## Task:
Once you find the line below that has "XYZ eeezcure180 komora", output it and every line after it exactly, stopping after the line that has "Orange Slices - Bulk 3 lb bag", with no pictures.

____ Provided data

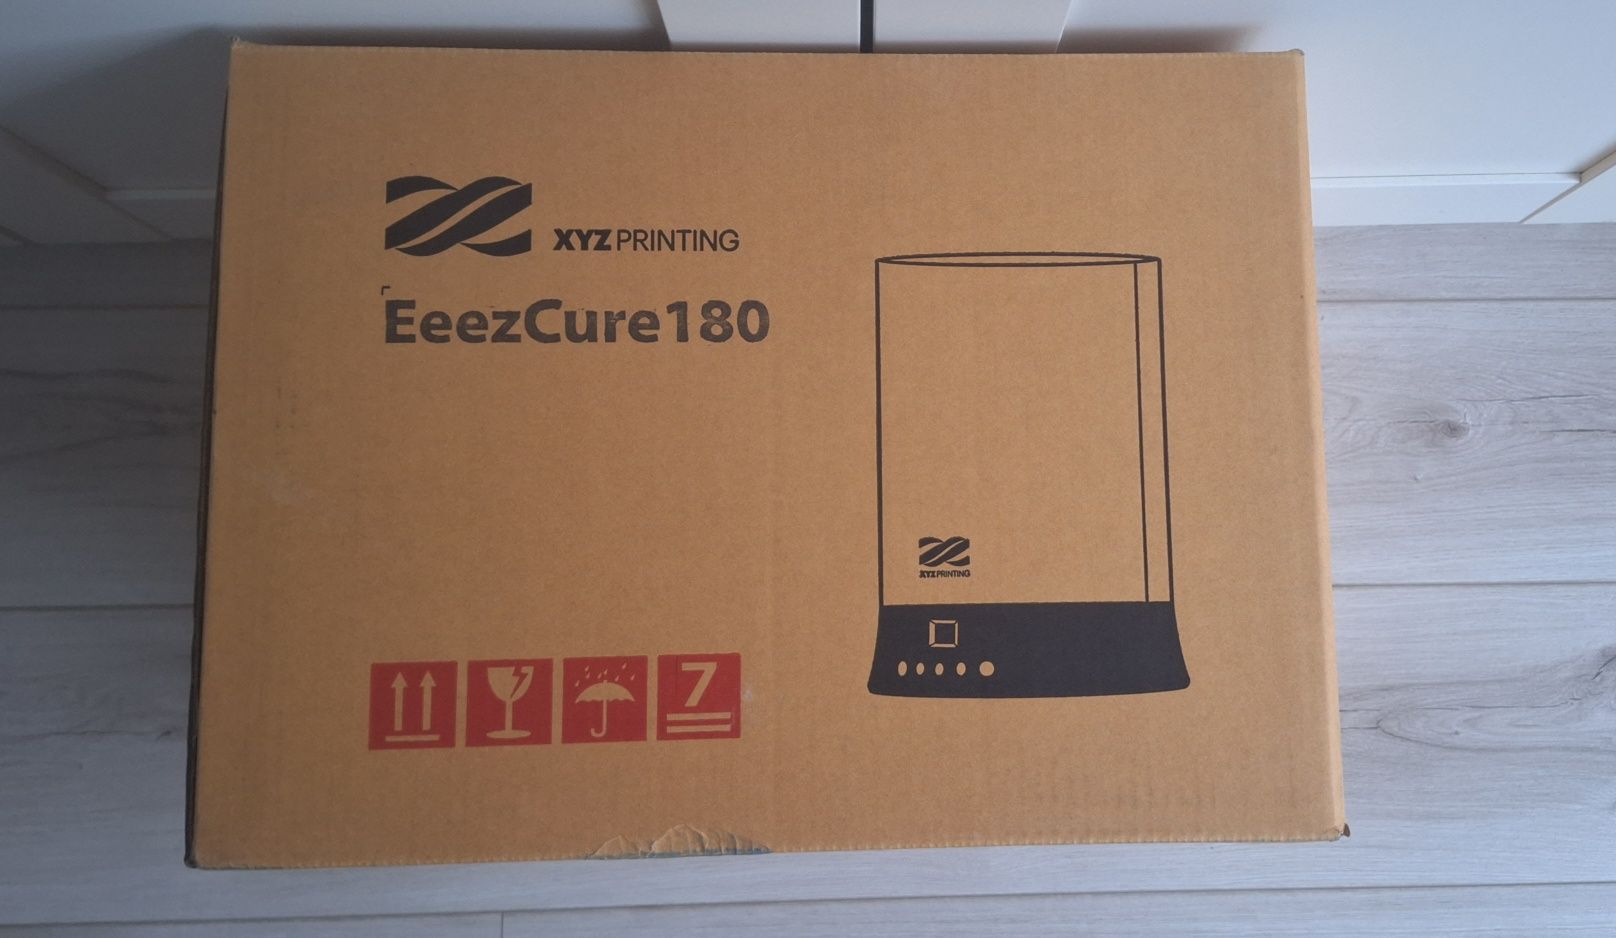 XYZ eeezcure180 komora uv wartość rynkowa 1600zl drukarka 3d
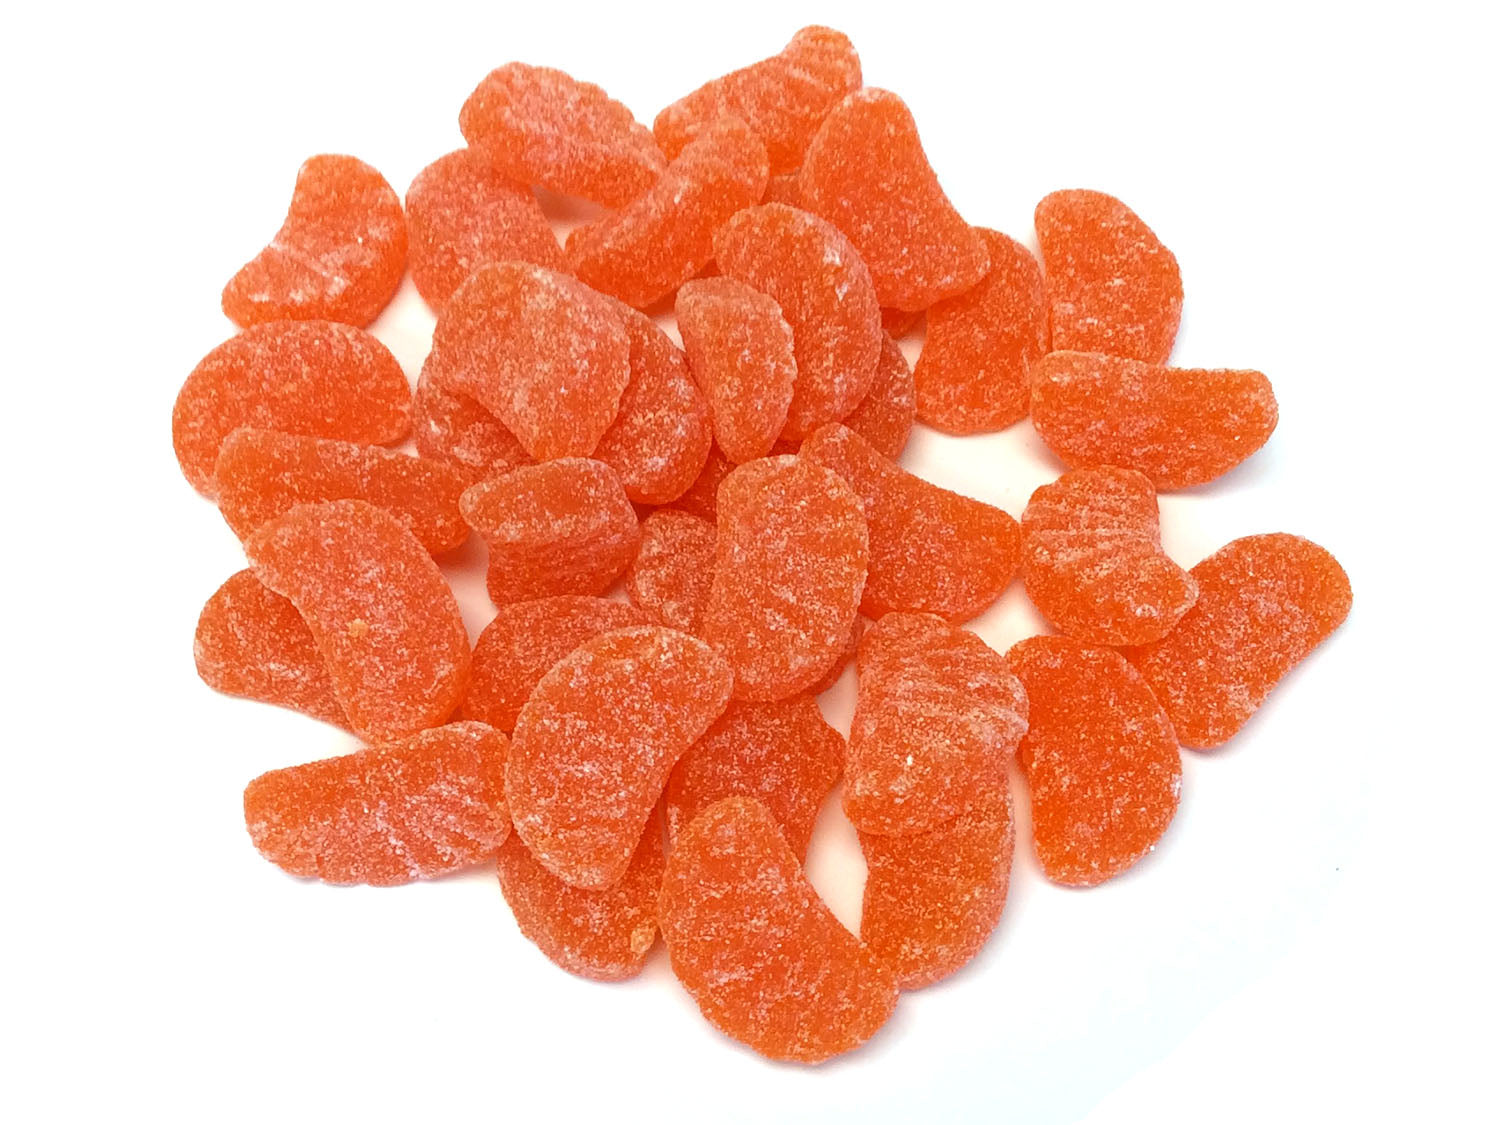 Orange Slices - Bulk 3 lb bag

________
____ Provided data

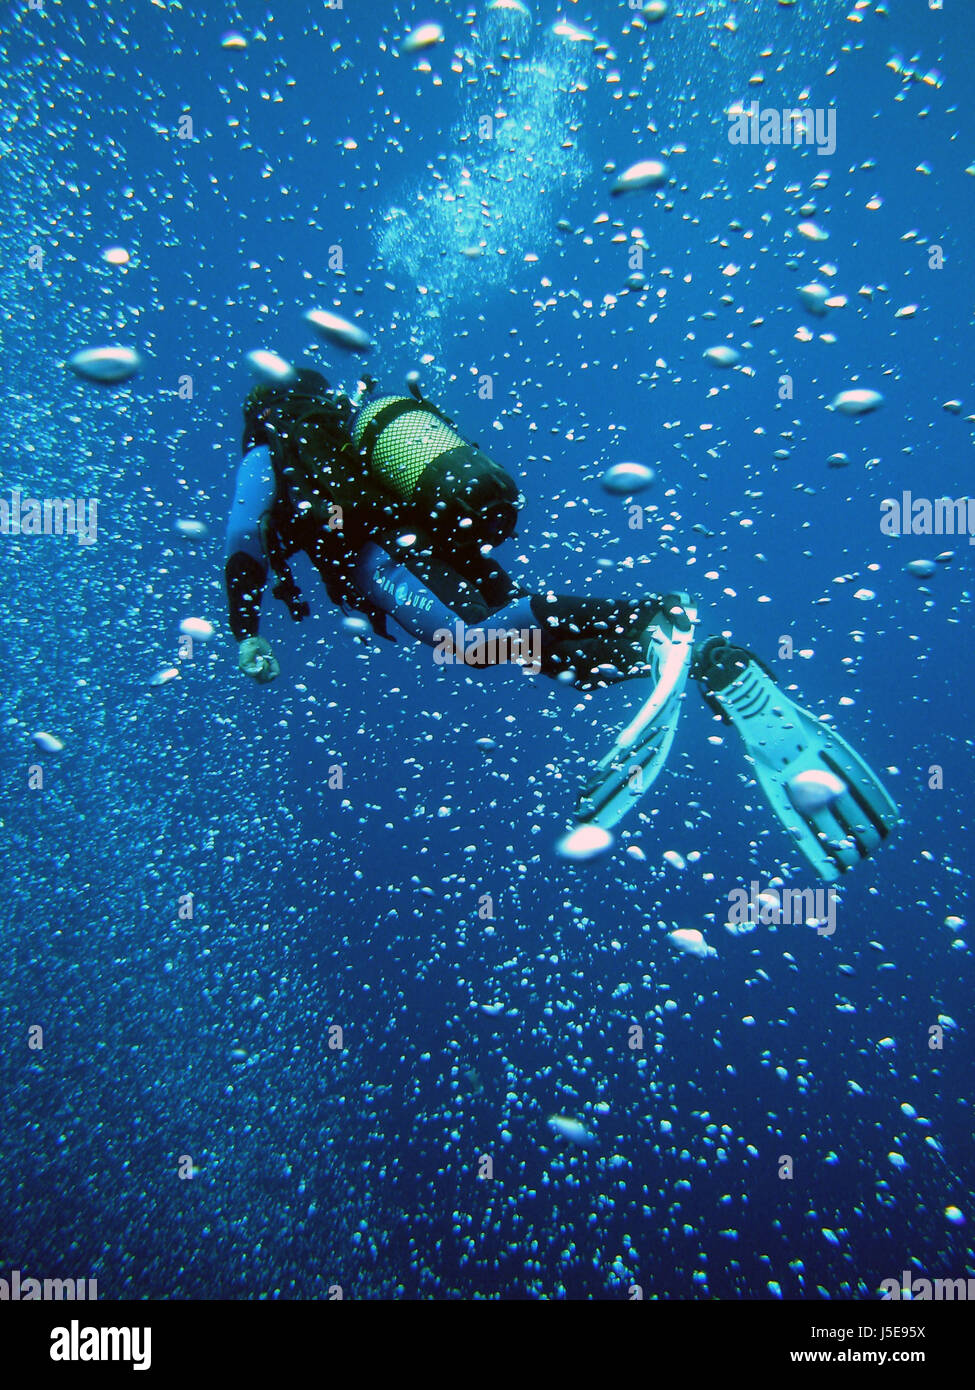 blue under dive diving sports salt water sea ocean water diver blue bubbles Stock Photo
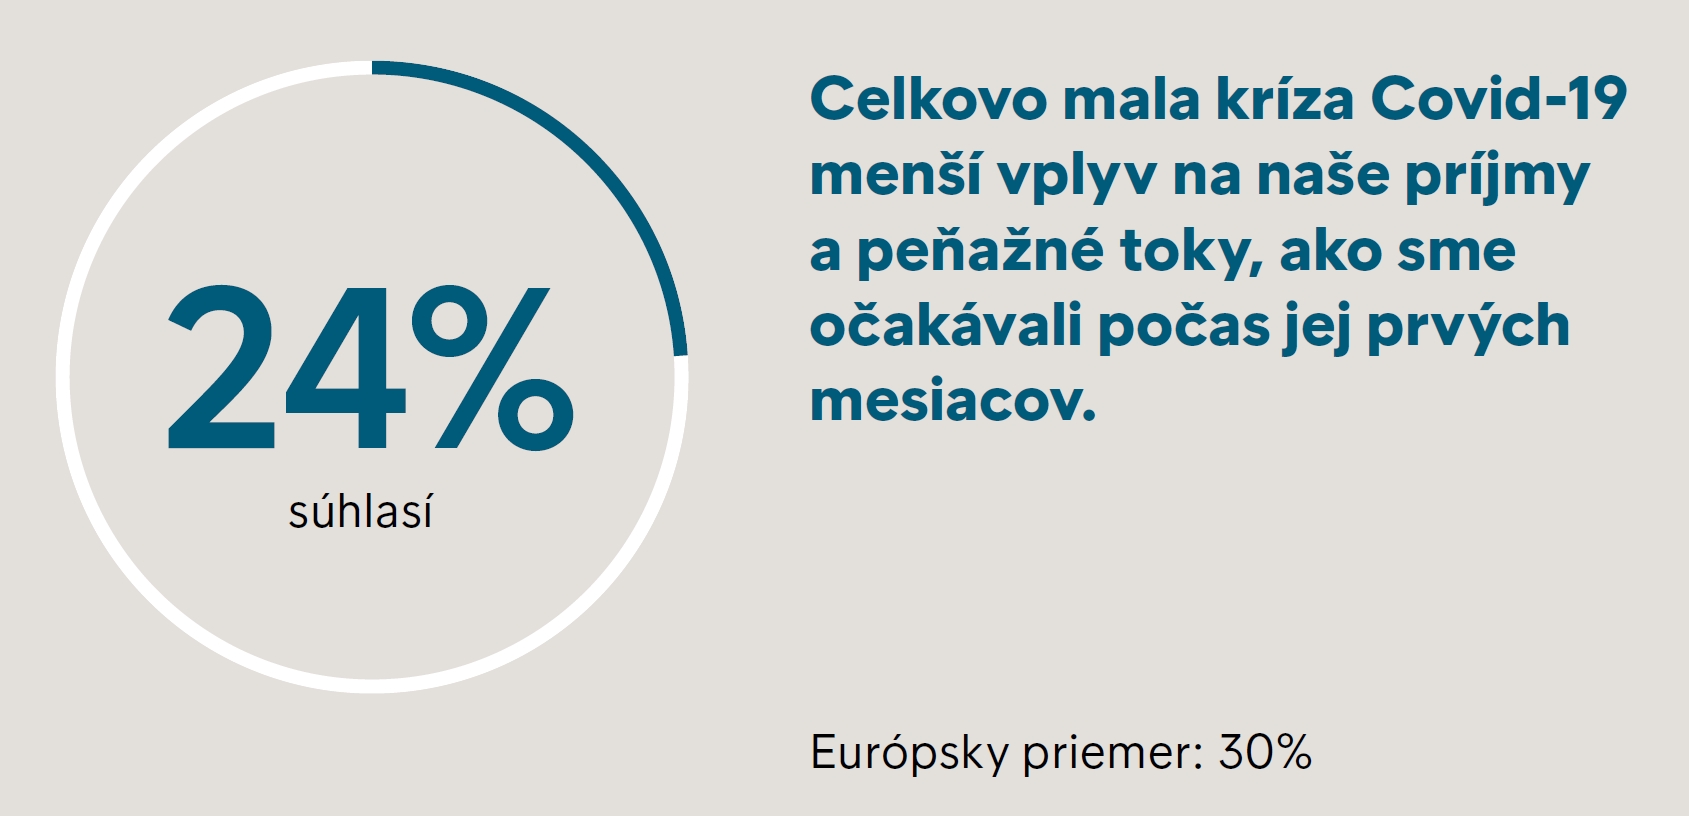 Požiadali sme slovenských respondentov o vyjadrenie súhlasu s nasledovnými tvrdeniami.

________

## Solution:
 XYZ eeezcure180 komora uv wartość rynkowa 1600zl drukarka 3d
 Orange Slices - Bulk 3 lb bag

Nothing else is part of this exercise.